Within the vast tapestry of the universe, where the microscopic building blocks of matter intertwine with the cosmic dance of galaxies, lies a story of profound discovery. Venture into a realm where the laws of physics as we know them are both challenged and confirmed, where the invisible forces that hold the very fabric of our reality together are brought into the light. This narrative isn’t born from the pages of a science fiction novel but emerges from the cutting-edge explorations at the heart of quantum physics. At this frontier, scientists embark on a rigorous inquiry to understand the origins of particle mass, revealing insights that connect the infinitesimal to the immense, from the atoms in our bodies to the distant stars.

The relentless pursuit to decipher the universe’s smallest building blocks and the enigmatic forces that knit the fabric of reality is a saga that stretches across centuries of scientific inquiry. Within this vast expanse of curiosity and research, a groundbreaking investigation by Professor Keh-Fei Liu from the University of Kentucky, as published in Physics Letters B, stands as a beacon of progress. This pioneering work delves deep into the quantum realm to shed light on the mass and confinement mechanisms of hadrons—subatomic particles that include protons and neutrons, fundamental to the structure of matter. By venturing into the intricate dynamics of quantum chromodynamics (QCD) and drawing parallels with phenomena in superconductivity and cosmology, Professor Liu’s research marks a significant leap in our understanding of the universe’s underlying principles.

At the heart of this investigation is the trace anomaly, an intriguing quantum phenomenon stemming from the breaking of scale symmetry due to quantum effects,. This anomaly is crucial for explaining the mass and confinement of hadrons, ensuring the stability of atomic nuclei. Professor Liu elucidates, “We explore the roles of the trace anomaly in several hadron properties… It is shown that the energy-equilibrium correspondence of hadrons infers an equation of state where the trace anomaly matrix element emerging from the glue condensate in the vacuum gives a negative constant pressure that leads to confinement much like the confinement mechanism for the vortices in type II superconductors.”

Through meticulous analysis and lattice QCD calculations, Professor Liu uncovers that the trace anomaly is overwhelmingly responsible for the mass of protons, with the quarks’ intrinsic masses contributing the rest, about 8%. This revelation not only deepens our grasp of particle physics but also intertwines the fate of the smallest particles with the vast cosmos.

The study further explores the resemblance between the trace anomaly in QCD and the cosmological constant in general relativity. “Both the trace anomaly in the QCD energy-momentum tensor and the cosmological constant in Einstein’s equation are associated with the metric term which contributes to both energy and pressure,” Professor Liu notes, emphasizing the underlying unity between quantum physics and cosmology.

By weaving together insights from the quantum to the cosmic, Professor Liu’s work opens new horizons in our exploration to understand the universe’s fabric.
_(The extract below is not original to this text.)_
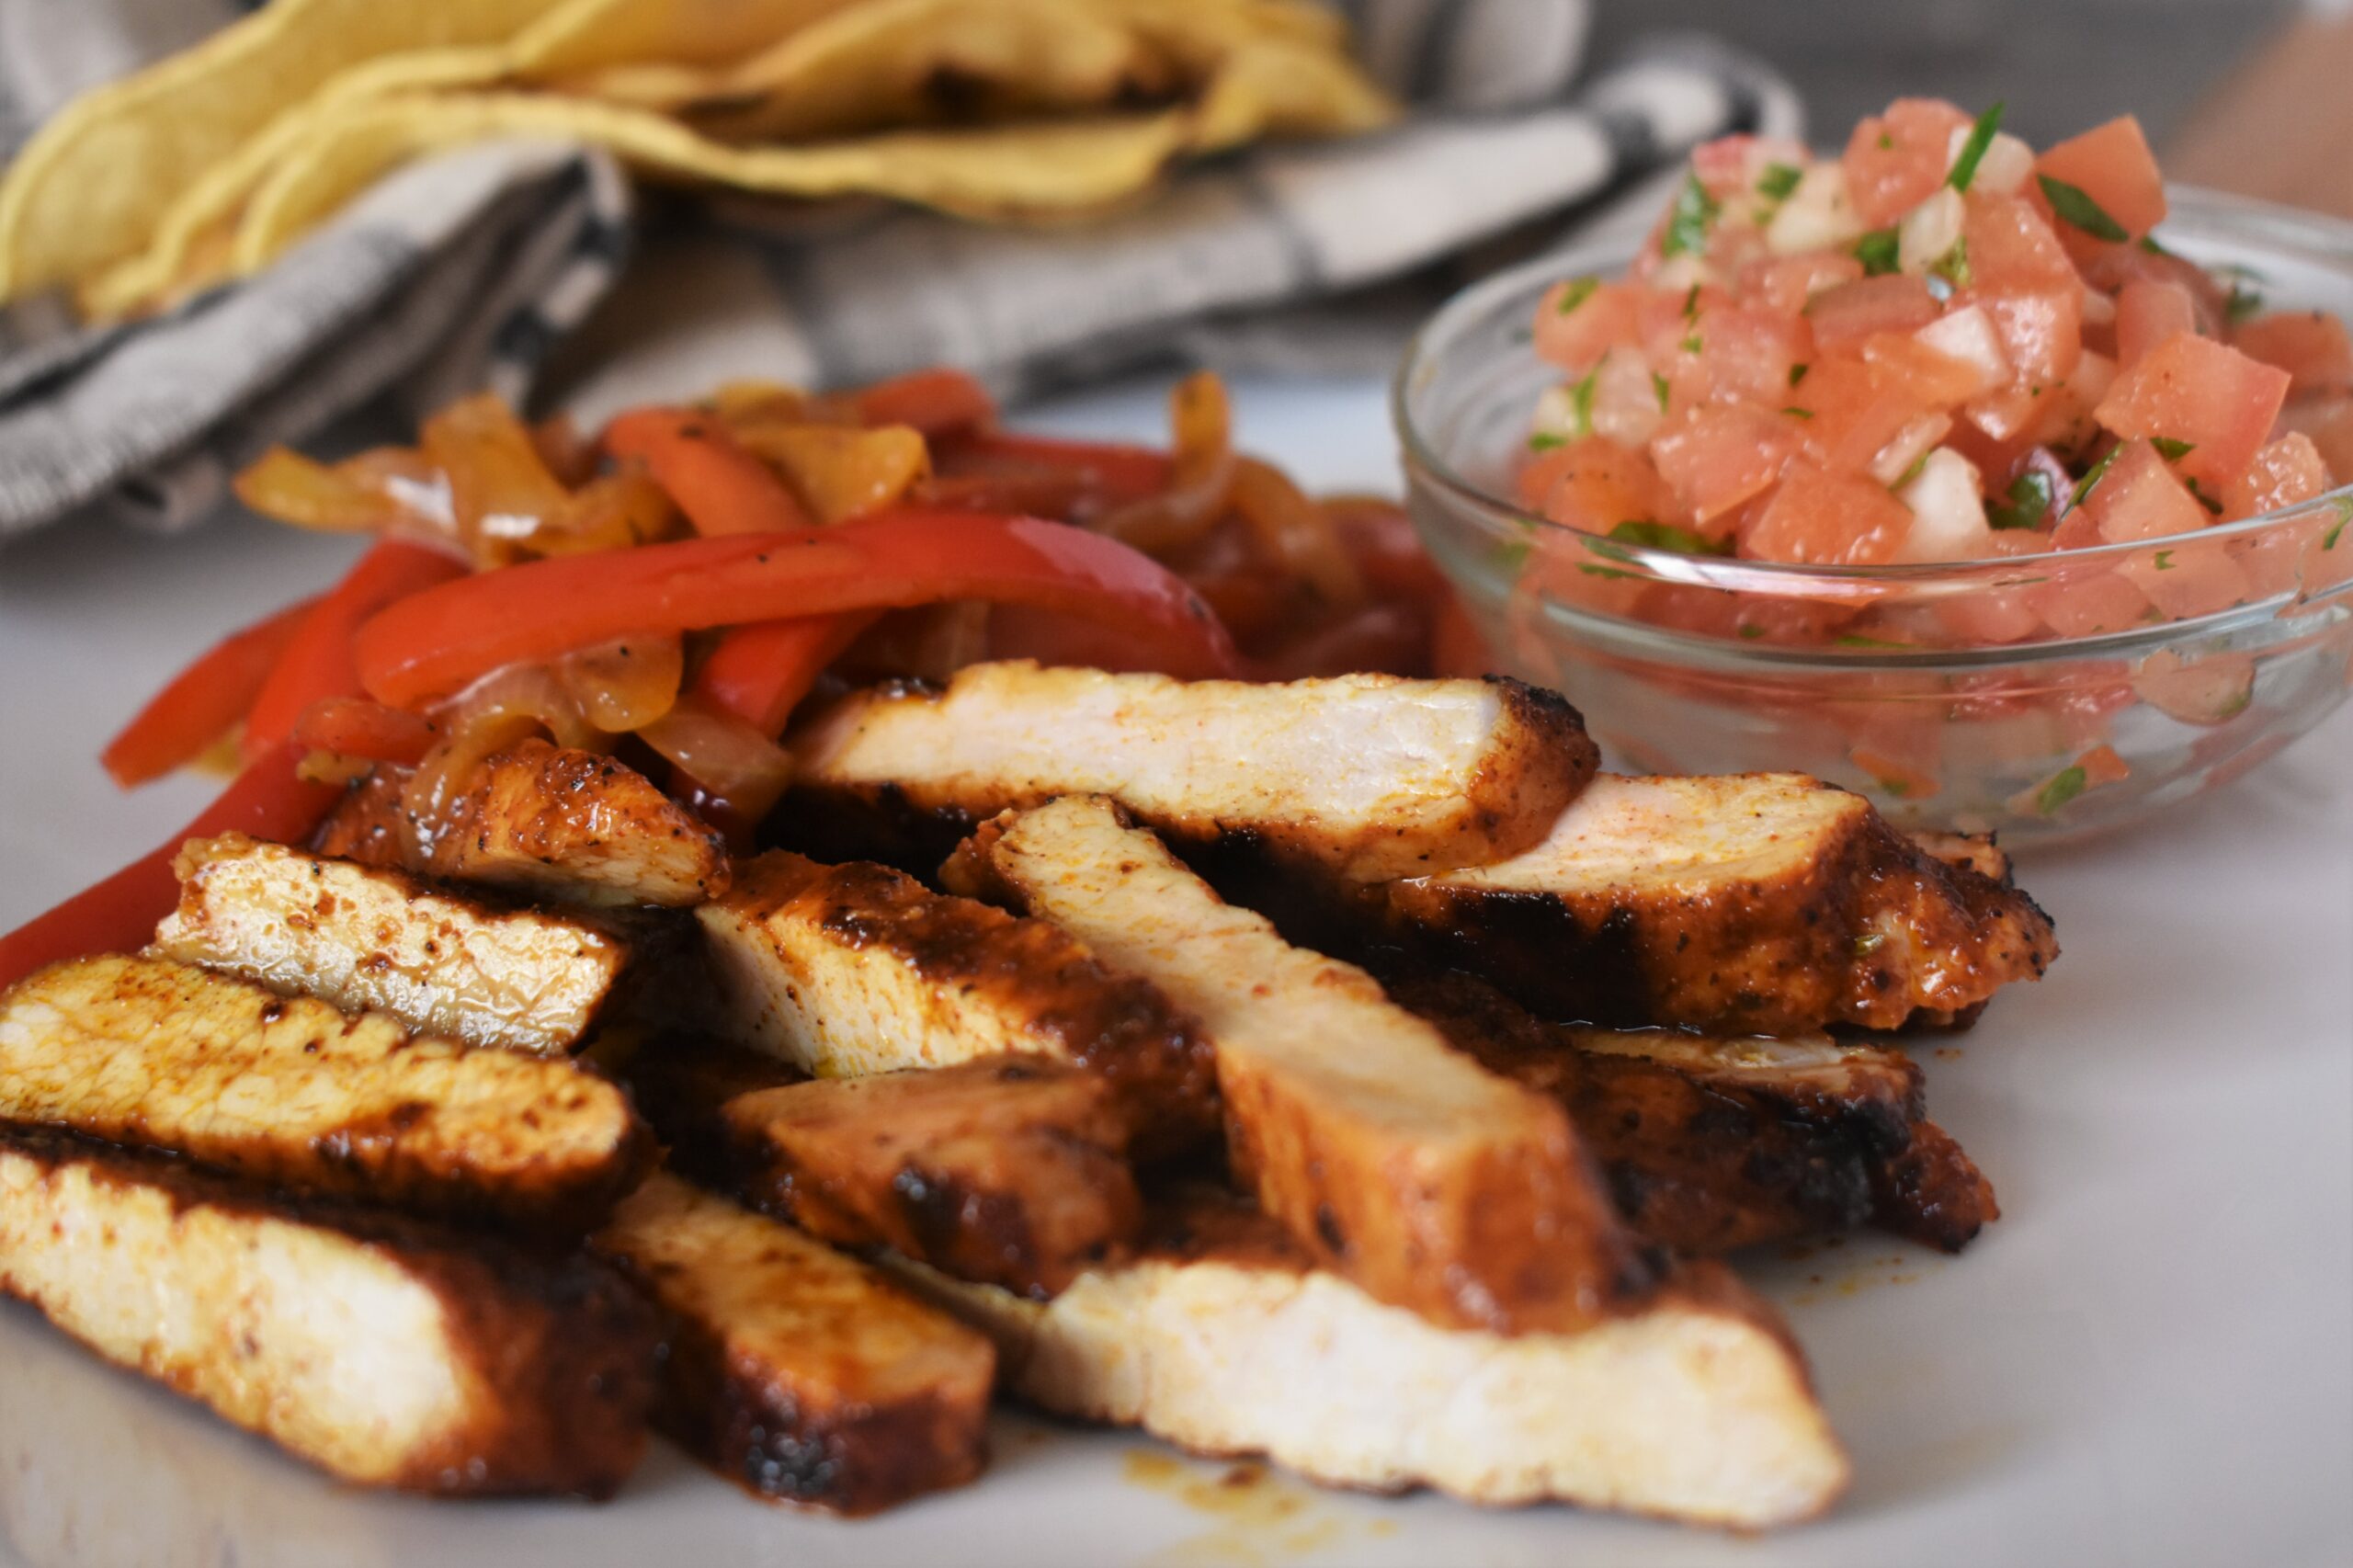 a plate of fajita style chipotle pork chops next to a side cup of pico de gallio

It underscores the pivotal role of the trace anomaly across diverse physical phenomena, offering a unified perspective that bridges gaps across physics disciplines. This research not only enriches our knowledge of the fundamental forces and particles but also paves the way for future explorations at the quantum frontier. Featured Image Legend: The decomposition of the proton energy at rest in terms of the quarks of various flavors  and the gluons as obtained from experiments and lattice calculations at two different energy scales.


Keh-Fei Liu, “Hadrons, Superconductor Vortices, and the Cosmological Constant,” Physics Letters B, 2024.

DOI: https://doi.org/10.1016/j.physletb.2023.138418.


Keh-Fei Liu was born in Beijing and grew up in Taiwan. He obtained his Ph. D. degree from Stony Brook University and has been on the faculty of University of Kentucky until 2023. He is now working at Lawrence Berkeley National Lab.

His major research area is in lattice gauge theory, working on the calculations of nucleon structure, neutron electron dipole moment, neutrino-nucleon scattering and finite density. He is also working on the design of an accelerator based fusion reactor.

He has been given the First Prize Award in Theoretical Physics by the Chinese Academy of Sciences in 1987 and the Alexander von Humboldt Award for Senior Scientist in 1989. He also won the Albert D. and Elizabeth H. Kirwan Memorial Prize in 2018.

He is a fellow of the American Physical Society.